Василий оглянулся и увидел крупные бисеринки слез из глаз, таких знакомых, по лицу, такому близкому... Где же он их видел и когда?

А молодая женщина, проталкиваясь к солдатам и не видя ничего перед собою, вытирала скомканным платочком крупные, прекрасные глаза и поднимала его высоко над головой, повторяя нежные и трогательные слова прощания. Почему-то острой болью уколол Василия вопрос, кому она это шептала: брату, мужу или любовнику? И снова оглянулся на нее. Теперь она стояла в профиль, и этот профиль, с черною, дугообразной бровью, со смуглою, в пушку, щекой, с точеным, с чуточной горбинкой носом и с непокорной прядью белокурых, с желтизной, волос, — заволновал Василия, загородил собою все происходящее, и кровь его мгновенно превратилась в пьяное, палящее вино.

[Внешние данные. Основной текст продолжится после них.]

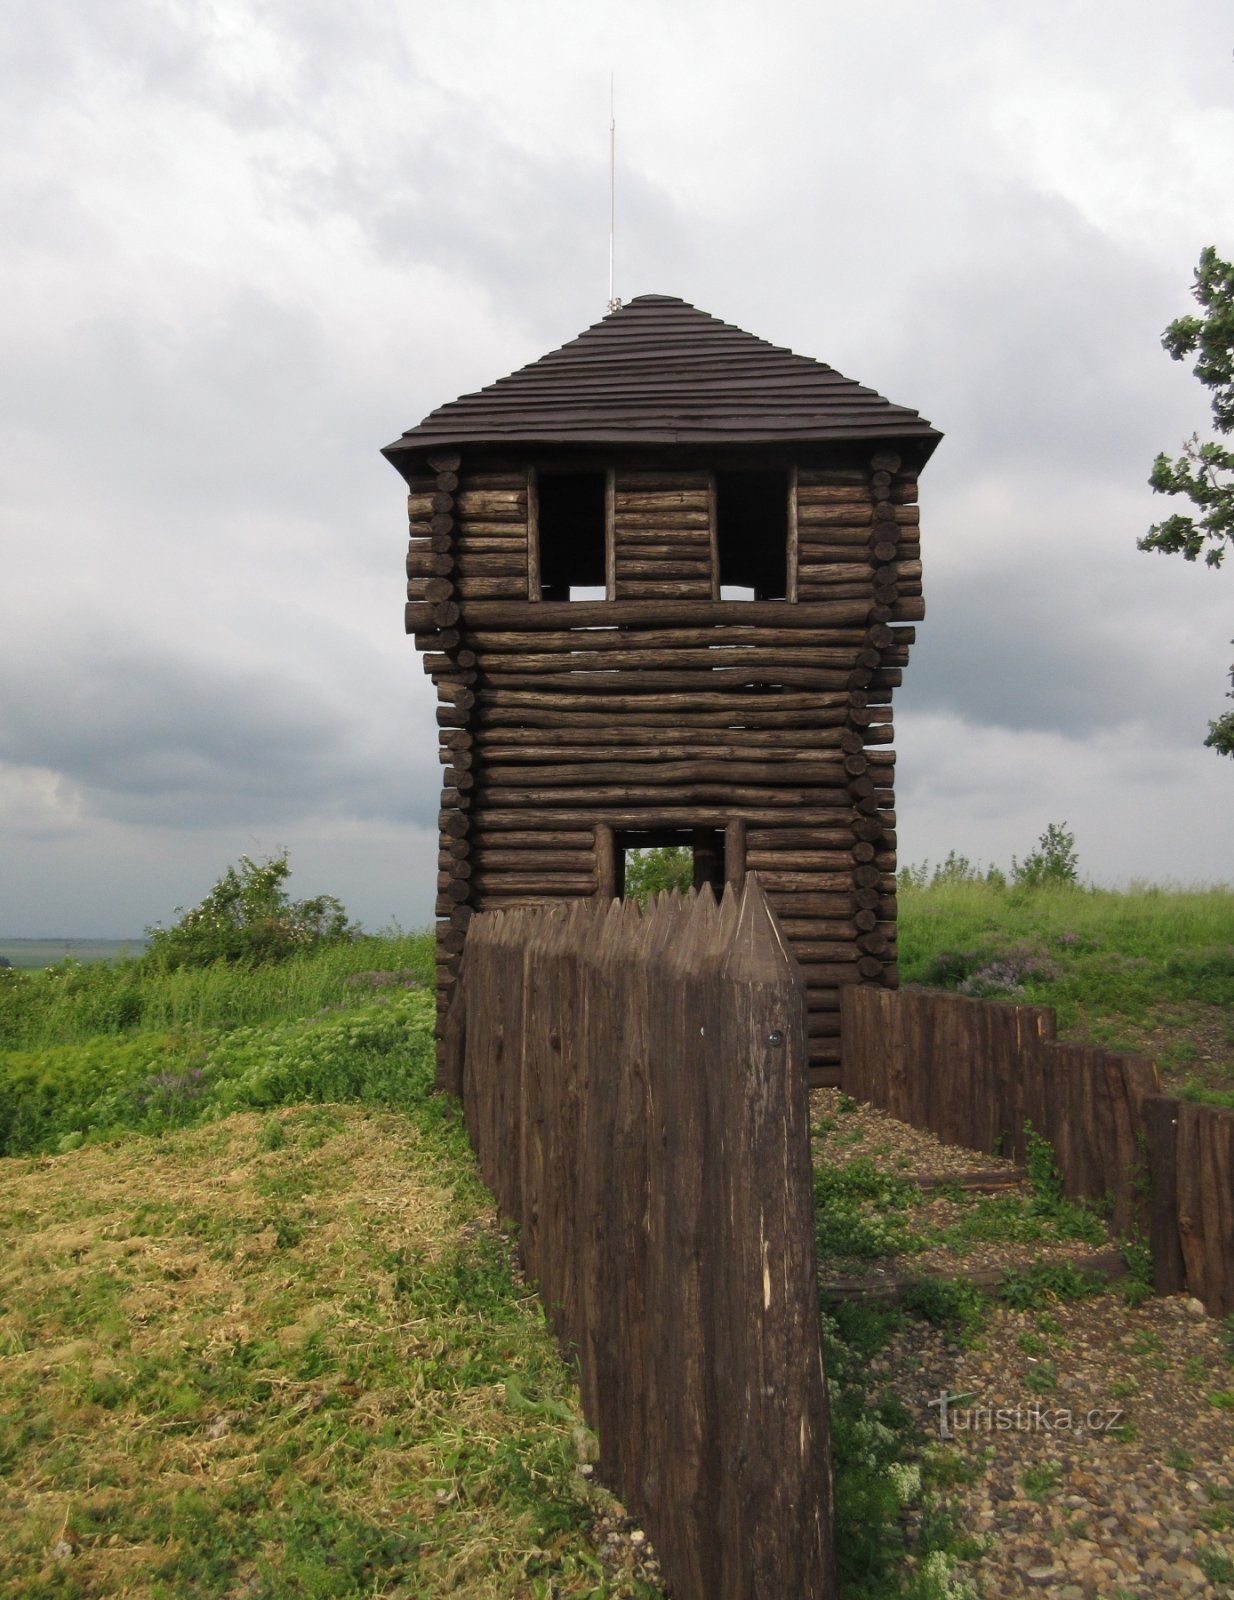 Hradiště and lookout tower Rubín (Podbořany)

Тогда и всадник-офицер на вороном коне показался знакомым. Василий даже почуял острый запах степной полыни, точно снова очутился там, в Монголии, в тихий час бронзовых сумерек, на трепетной земле вблизи пьянящего случайного греха.

— “Не надо бы, не надо вспоминать и думать... Какое ему дело до чужих грехов”. Но вспоминалось и горело и отзывалось острой болью в сердце странное, нерусское и отравляющее слово:

— “Гутя”.

Все задвигалось на площади, заволновалось... Поднялась кустами пыль. Как продолжение гимна, серые колонны двинулись и, утопая в тучах пыли, направились к реке Оби.

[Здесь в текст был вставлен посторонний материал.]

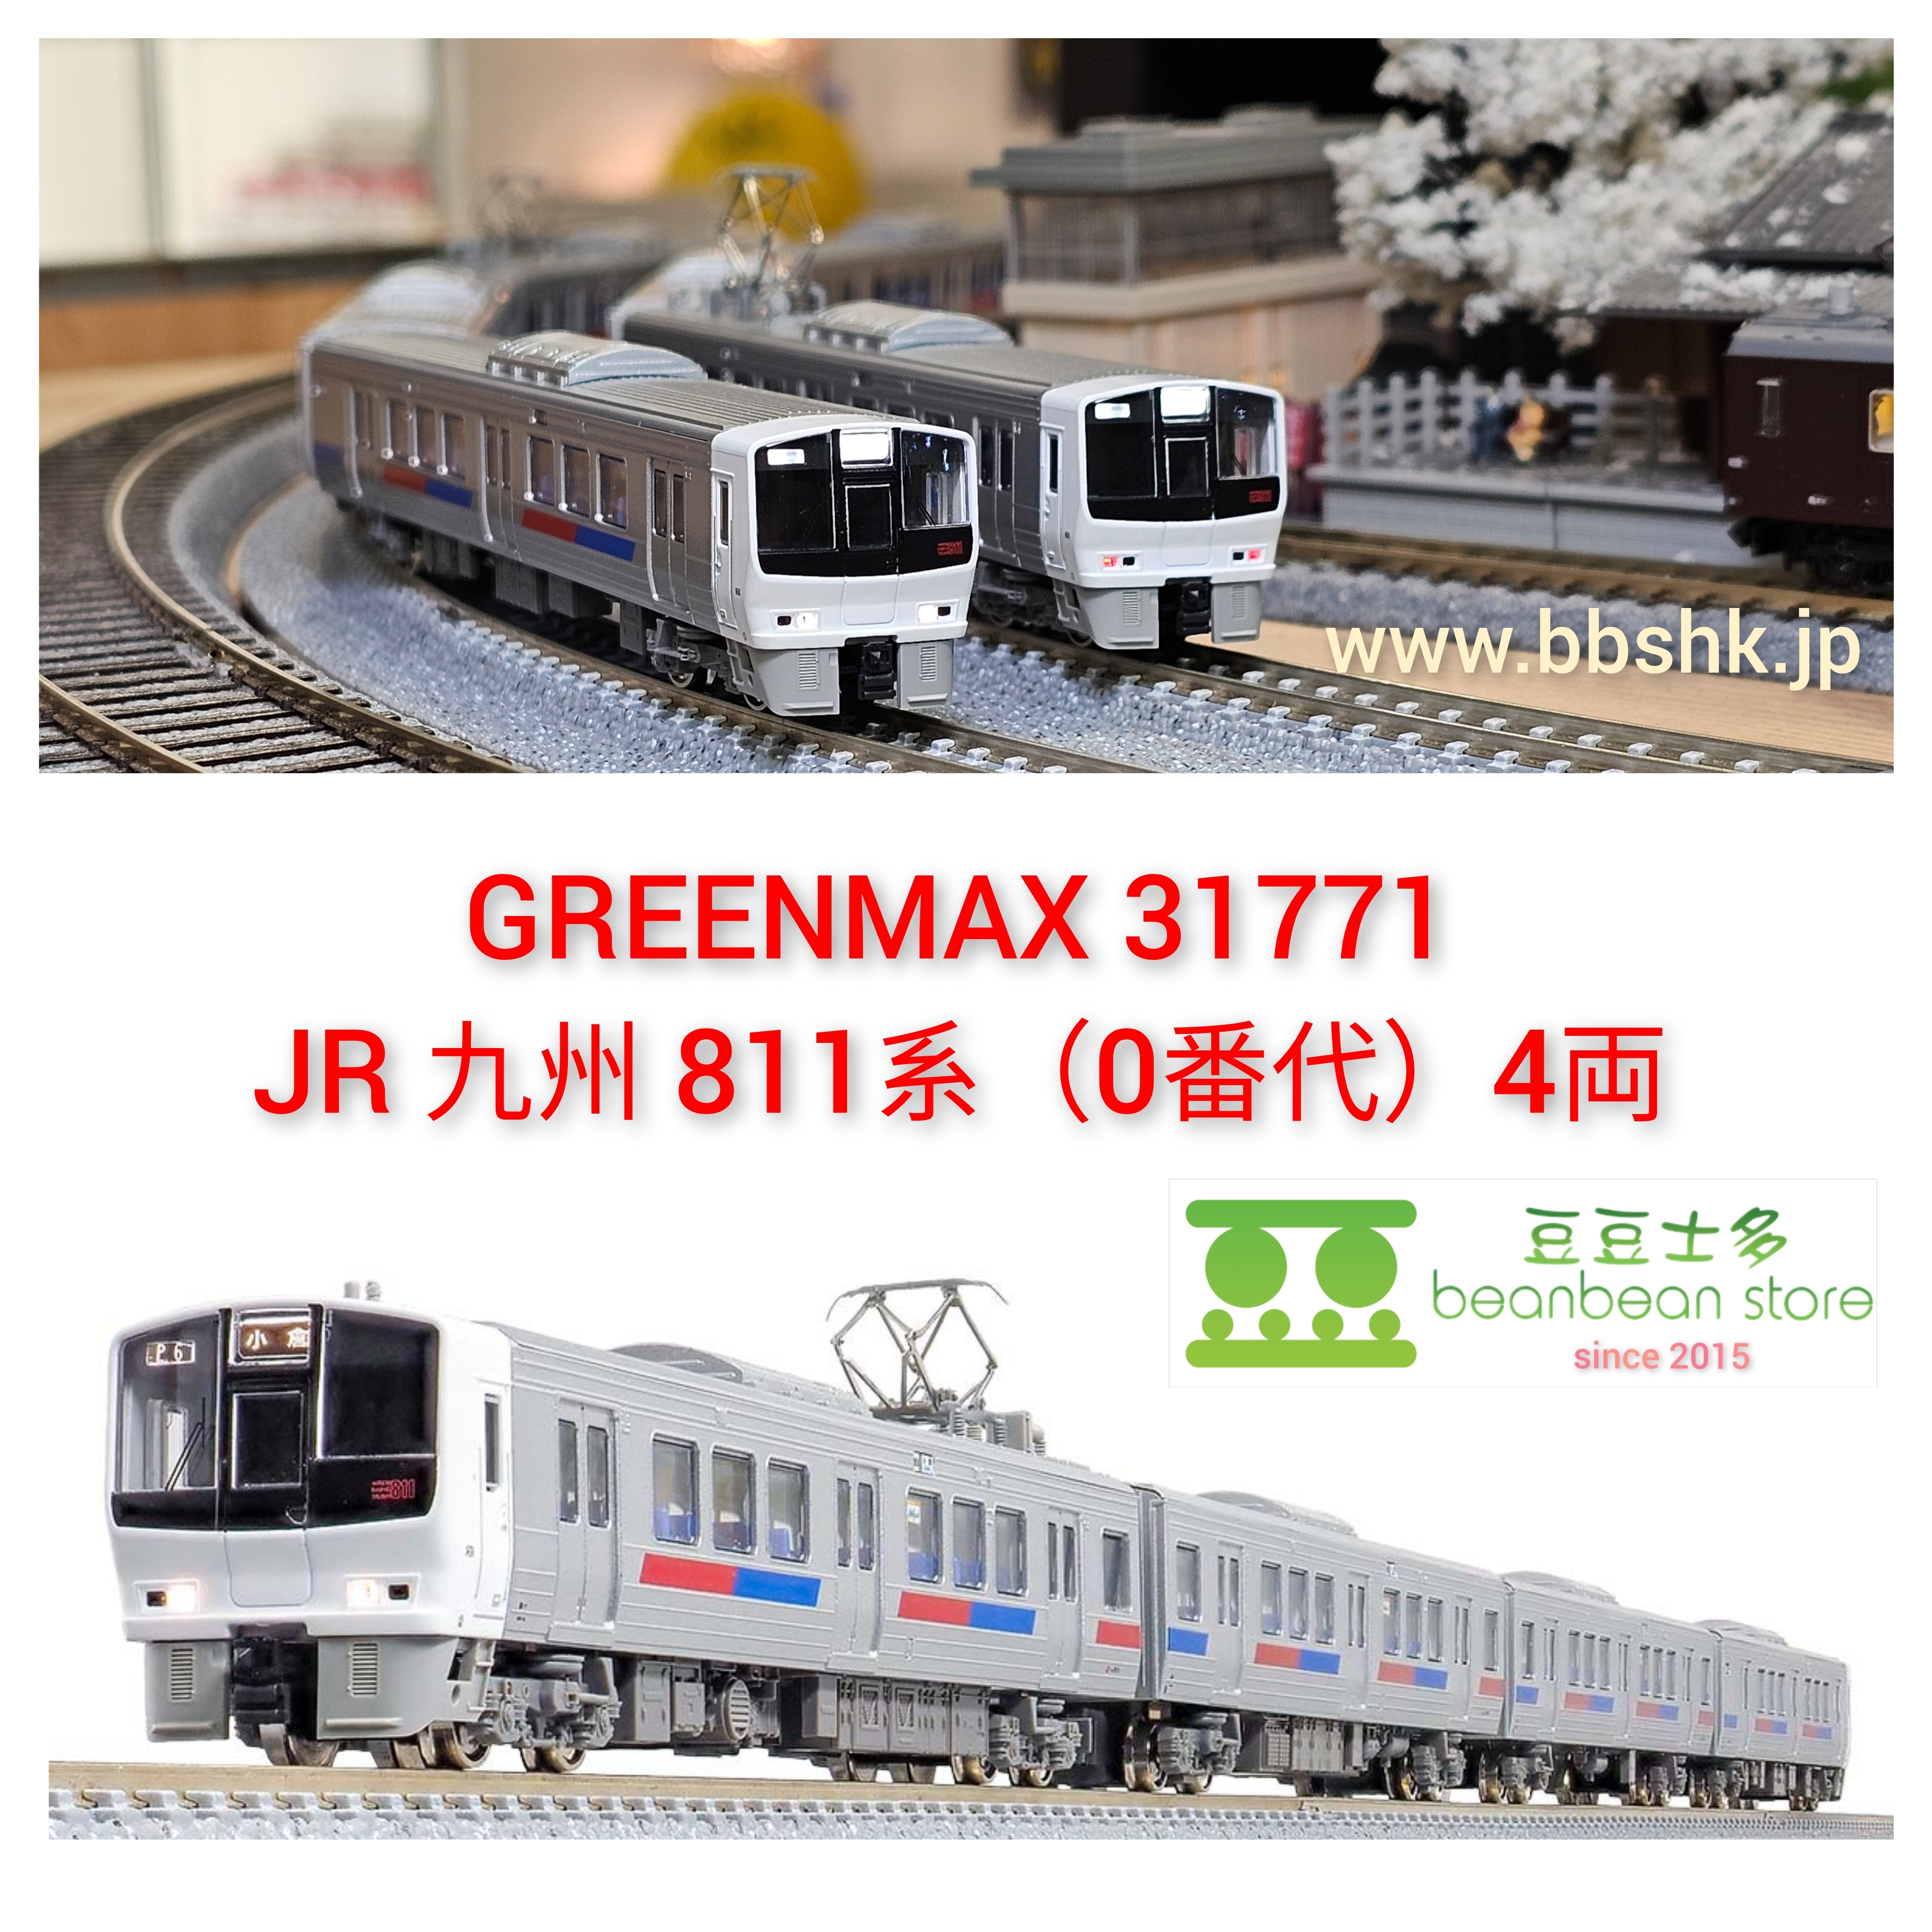 GREENMAX 31771 JR 九州811系(0番代) 4両

Как во сне, перед Василием широким шагом прошла мимо крупная фигура бравого, прямого, грустно-близкого ему фельдфебеля; а низкорослого Онисима он так и не увидел. Не мог увидать более и молодую женщину с темными от слез, прекрасными глазами. И только когда угасли звуки марша и эшелон ушел на пристань, Василий снова вспомнил имена, остановился у какого-то угла на улице и позабыл, куда ему надо идти и что делать дальше?.. Когда же вспомнил, то чуть слышно произнес:

— Господи, помоги мне!.. Как я слаб и недостоин времени...

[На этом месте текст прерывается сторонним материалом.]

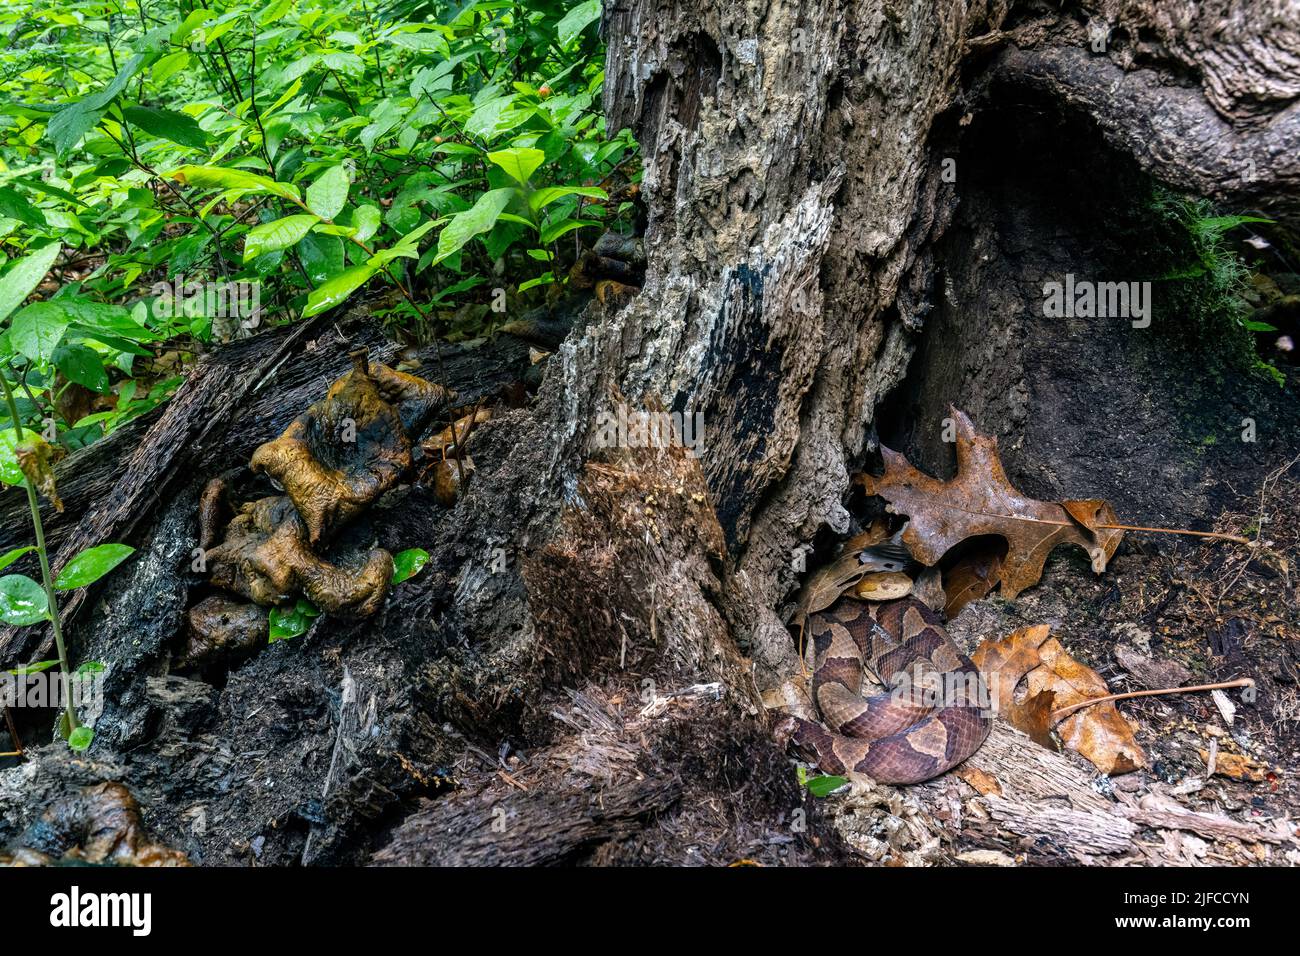 Coperhead oriental (Agkistrodon contortrix) escondido en el tocón de los árboles - Reserva Bracken, Brevard, Carolina del Norte, EE.UU Foto de stock

И вытирая с побледневшего, усталого лица пот прямо рукавом, пошел, стараясь думать о жене, о детях, о Лизавете Колобовой, об Онисимовой Марье, для которой он так и не взял гостинец у Онисима...

— “И немощен и паки недостоин!” — повторил он, вспоминая отдельные строки из недавно бывшей в руках Кормчей книги.

Еще два дня провел Василий в Барнауле. И, как в бреду, делал дела. Старался гнать волновавший его сладостною болью образ и так и не осилил дум своих. Да и не знал всей правды о теперешней, о новой, об устремленной к нему Гуте.

* * *

А между тем какая боль — незнание чужого сердца. Какое зло — напраслина на близкого.

Два человека, две души блуждали одновременно по улицам полуразрушенного города, и обе теплились одним желанием найти одна другую, и обе были глубоко оскорблены.

Тяжело было в Барнауле Гуте, как нигде. Опять одна, без денег, без близкого человека. Позади холодный и голодный Питер со звериной ручеборовскою ревностью, с угрожающей страстью капитана Стукова. Позади лазоревая Ялта со свежей раною стыда вместо милостивой ласки государыни. А впереди — опять пустынная Монголия с батрачеством у мачехи и с опозоренной, убитою мечтой о счастье.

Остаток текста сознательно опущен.